=== Section Start ===

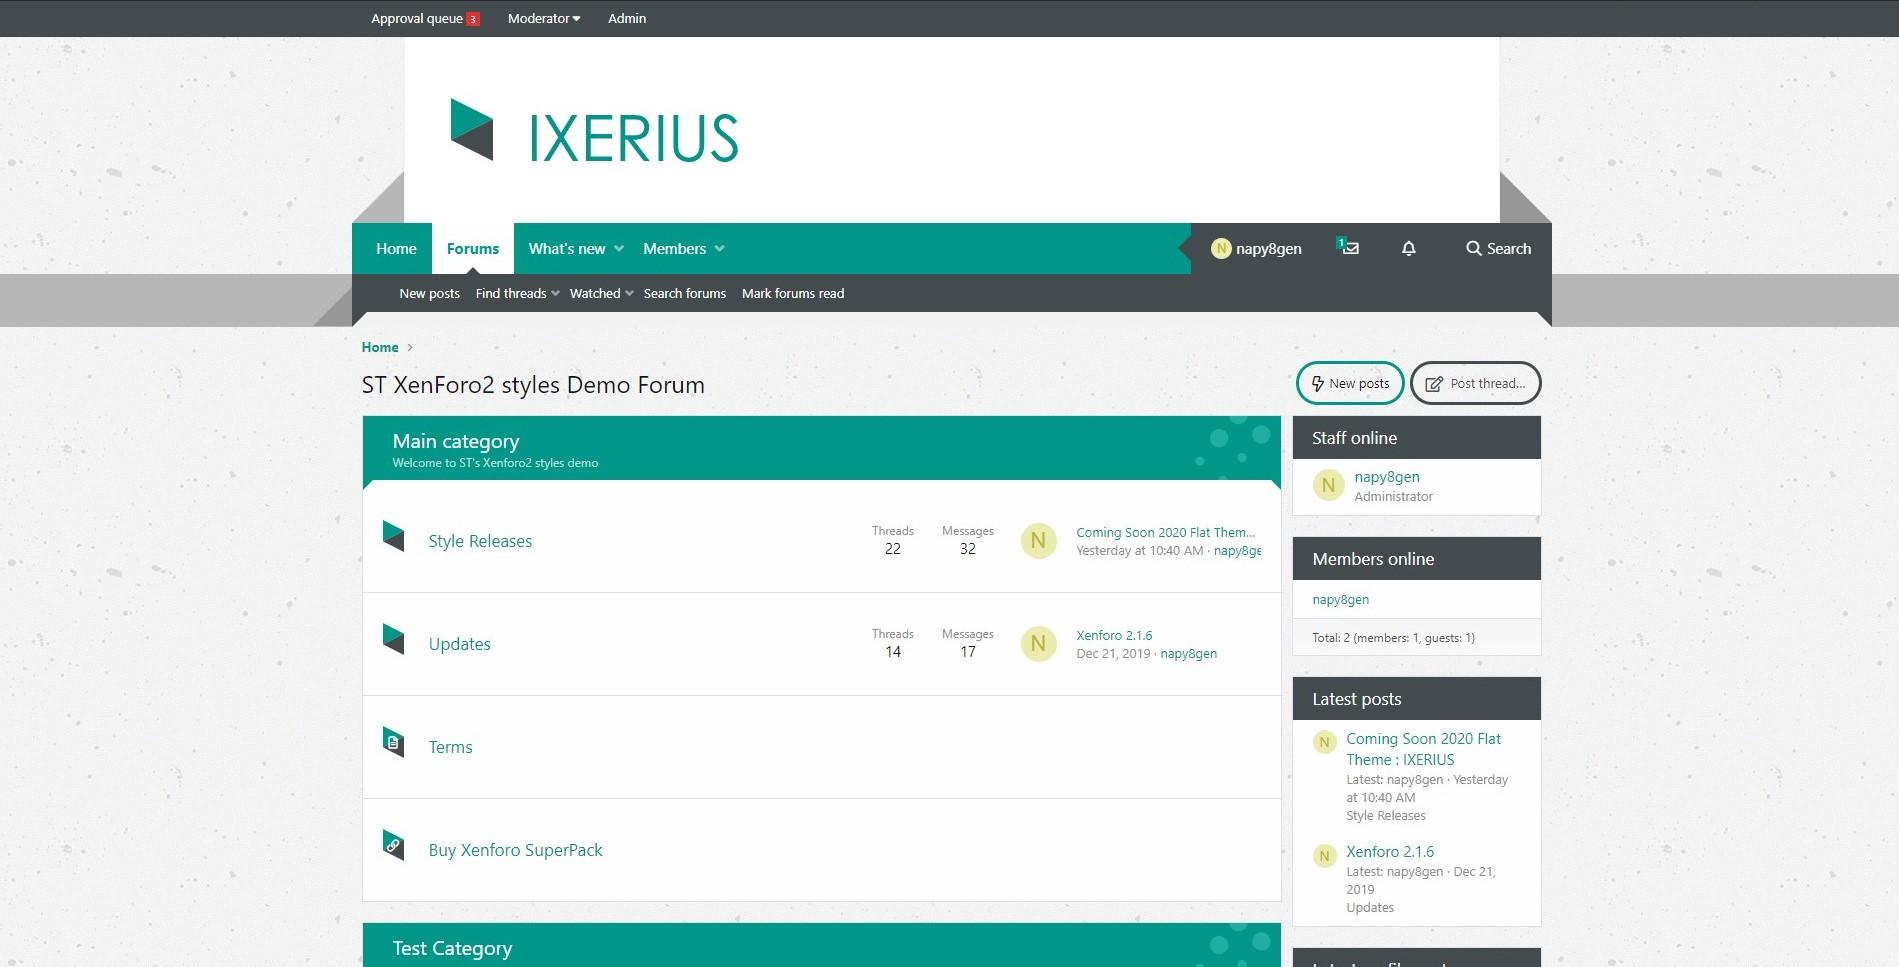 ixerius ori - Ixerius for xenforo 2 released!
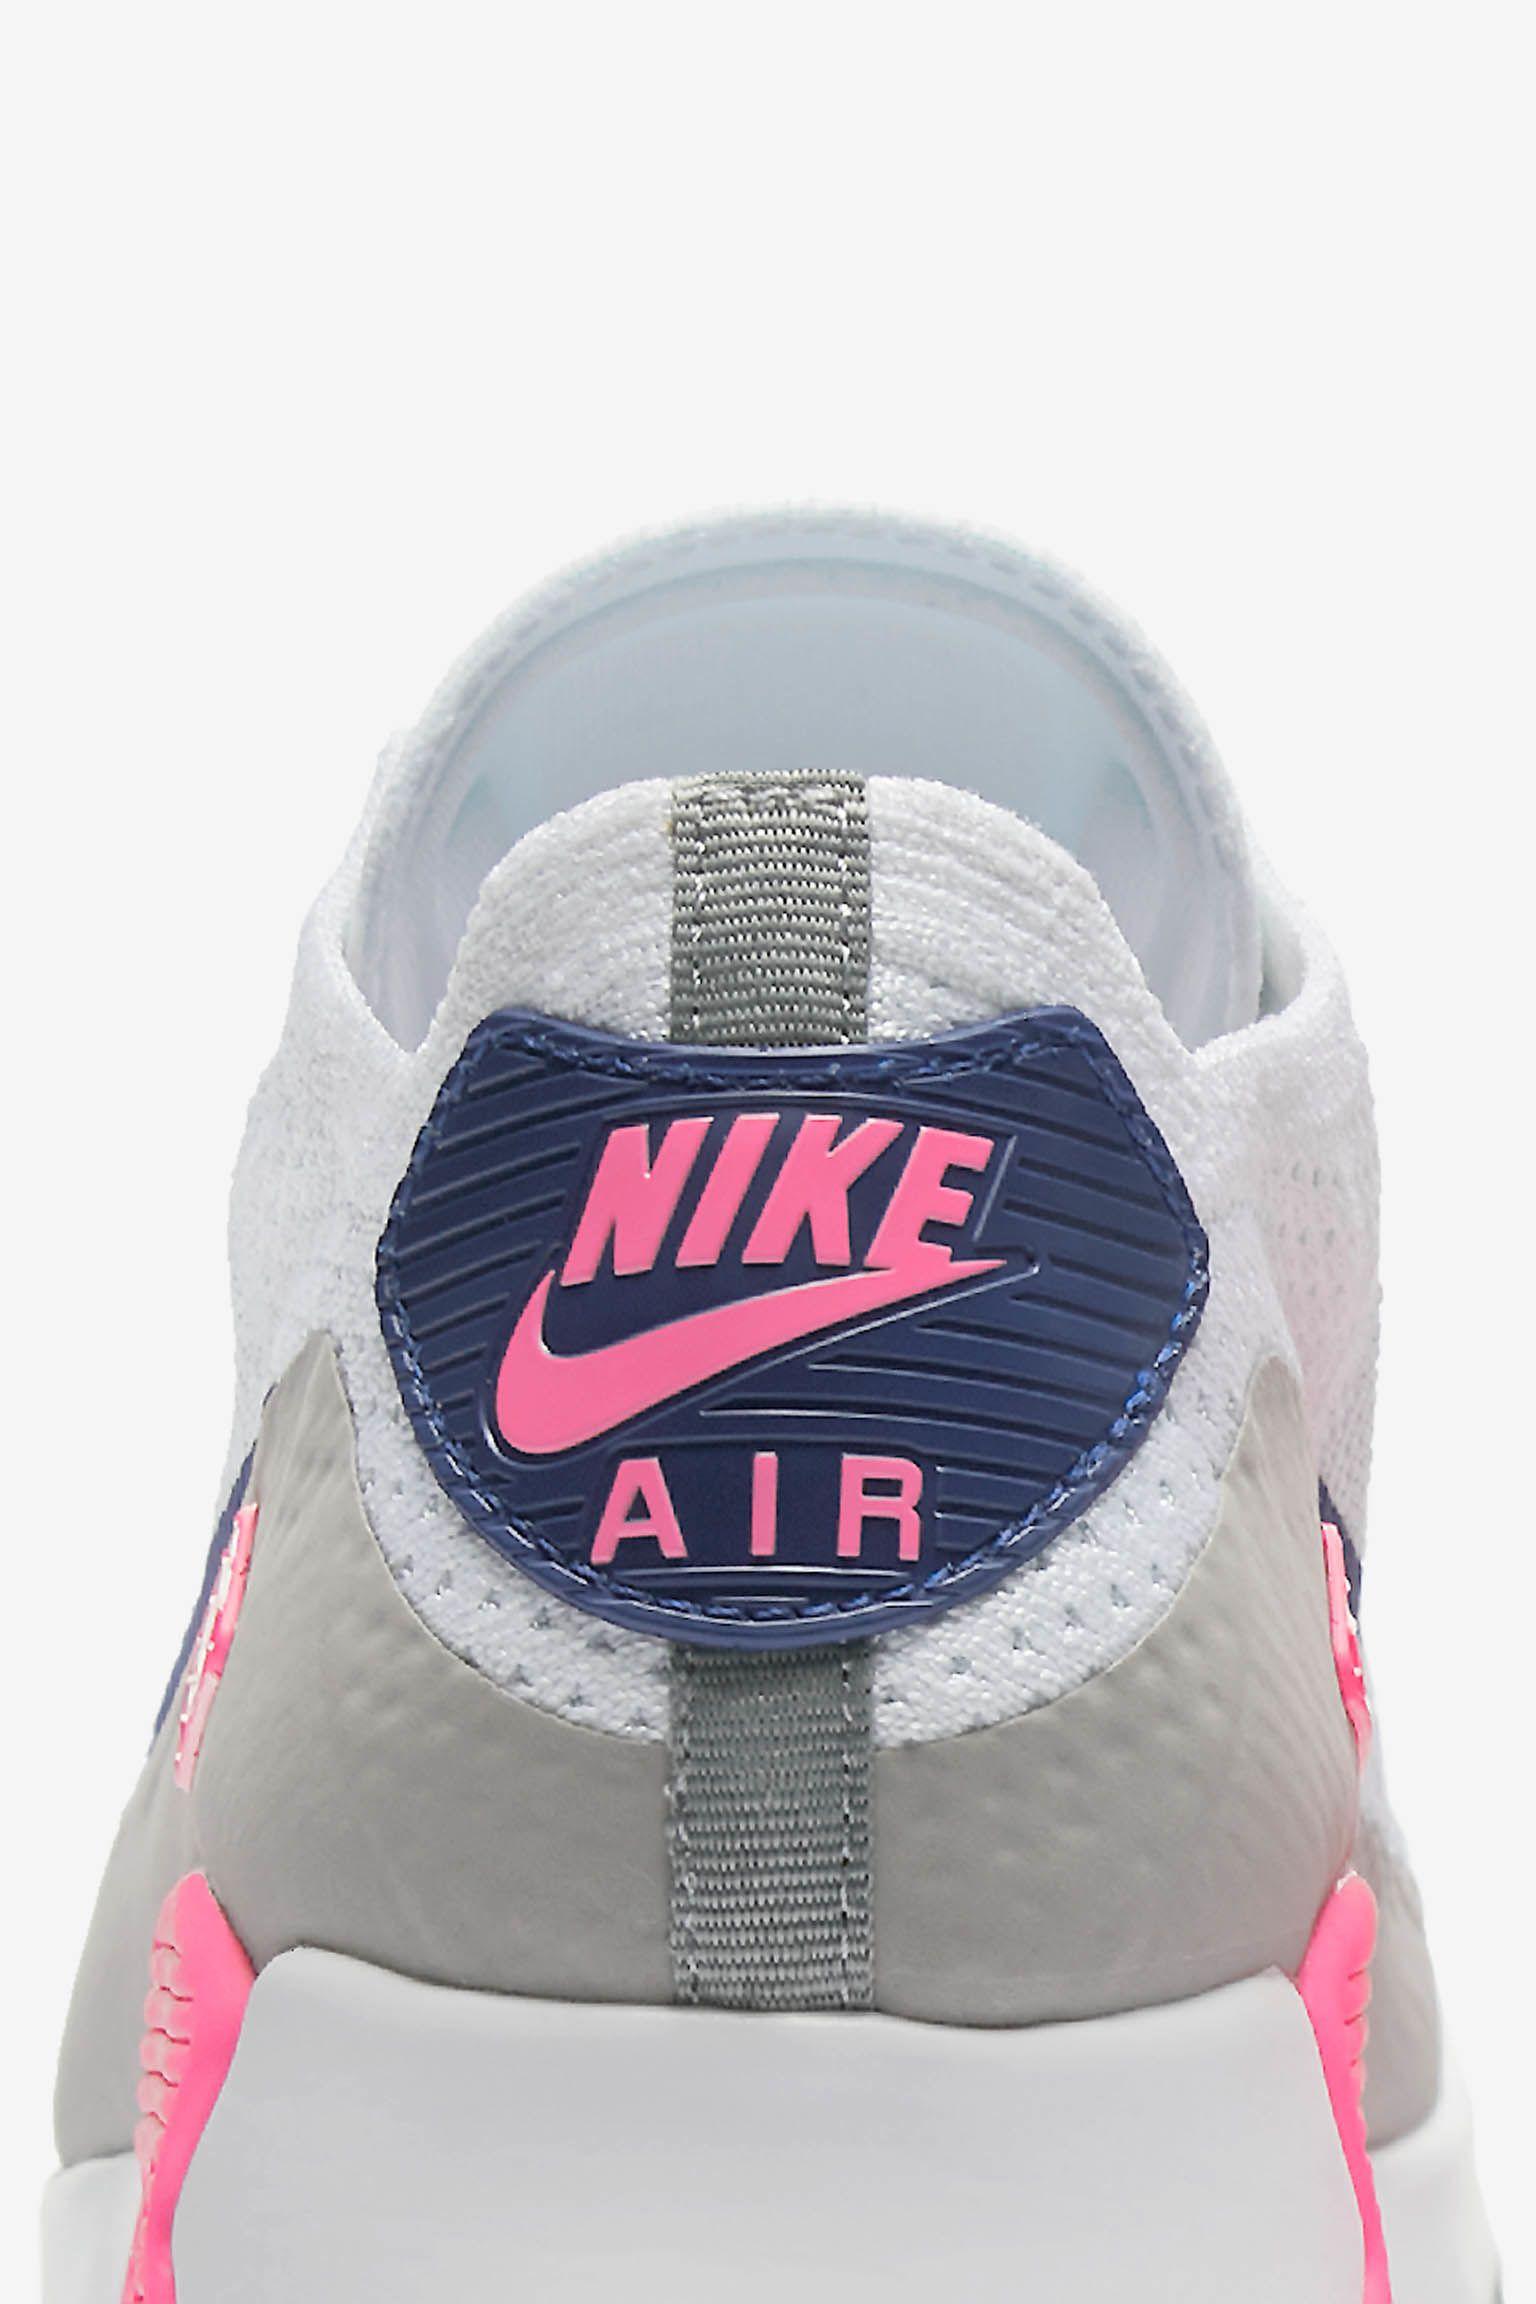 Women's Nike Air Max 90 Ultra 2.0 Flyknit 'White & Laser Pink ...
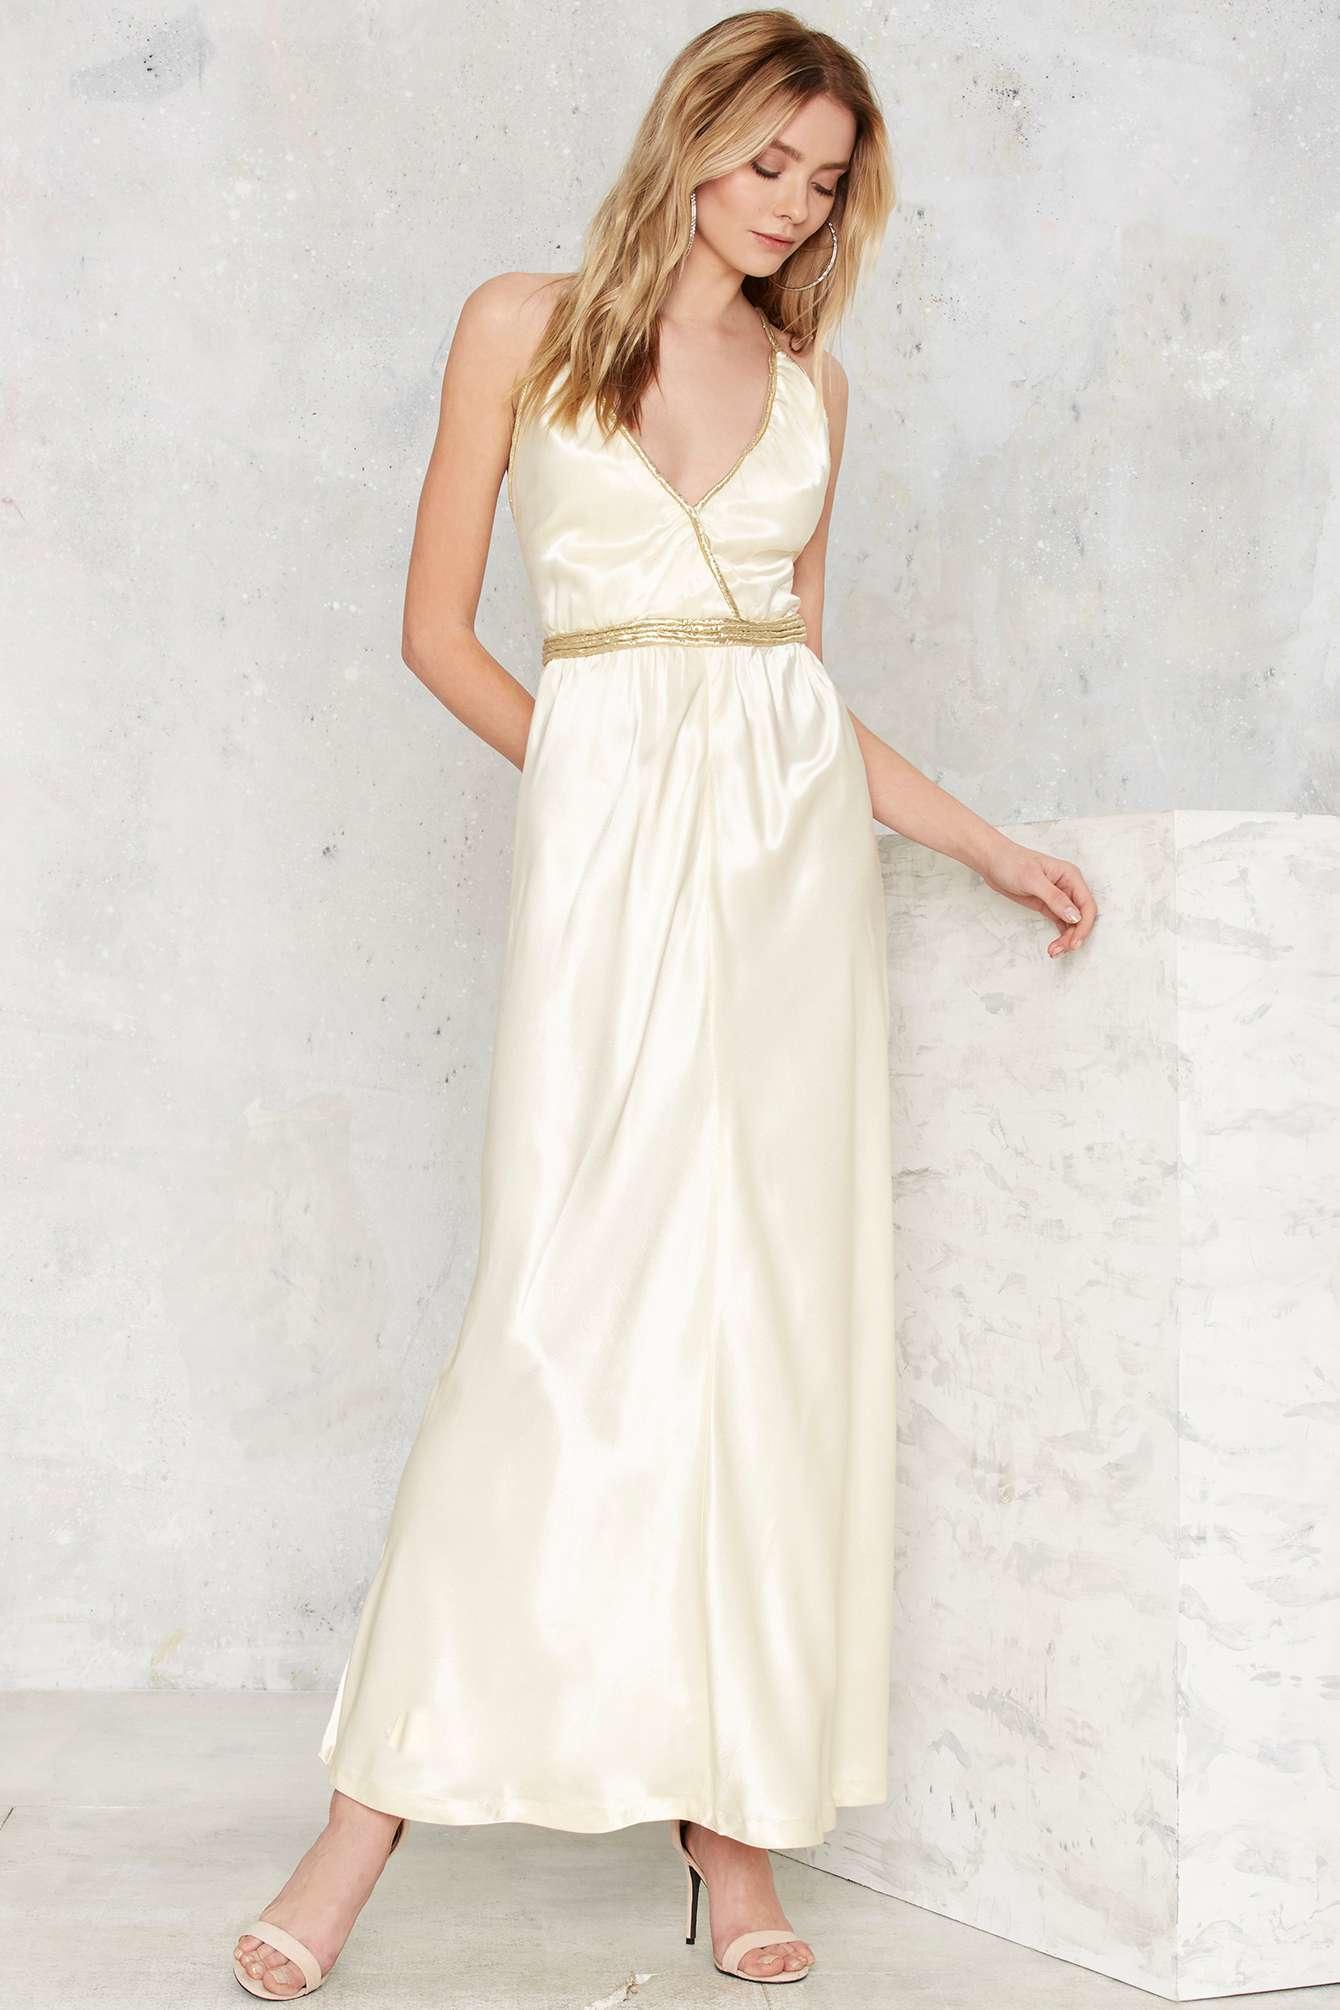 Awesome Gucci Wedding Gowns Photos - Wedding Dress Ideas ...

=== Section End ===

What to do: Give back the listing word for word, minus its images.

Written answer:
 ixerius ori - Ixerius for xenforo 2 released!
 Women's Nike Air Max 90 Ultra 2.0 Flyknit 'White & Laser Pink ...
 Awesome Gucci Wedding Gowns Photos - Wedding Dress Ideas ...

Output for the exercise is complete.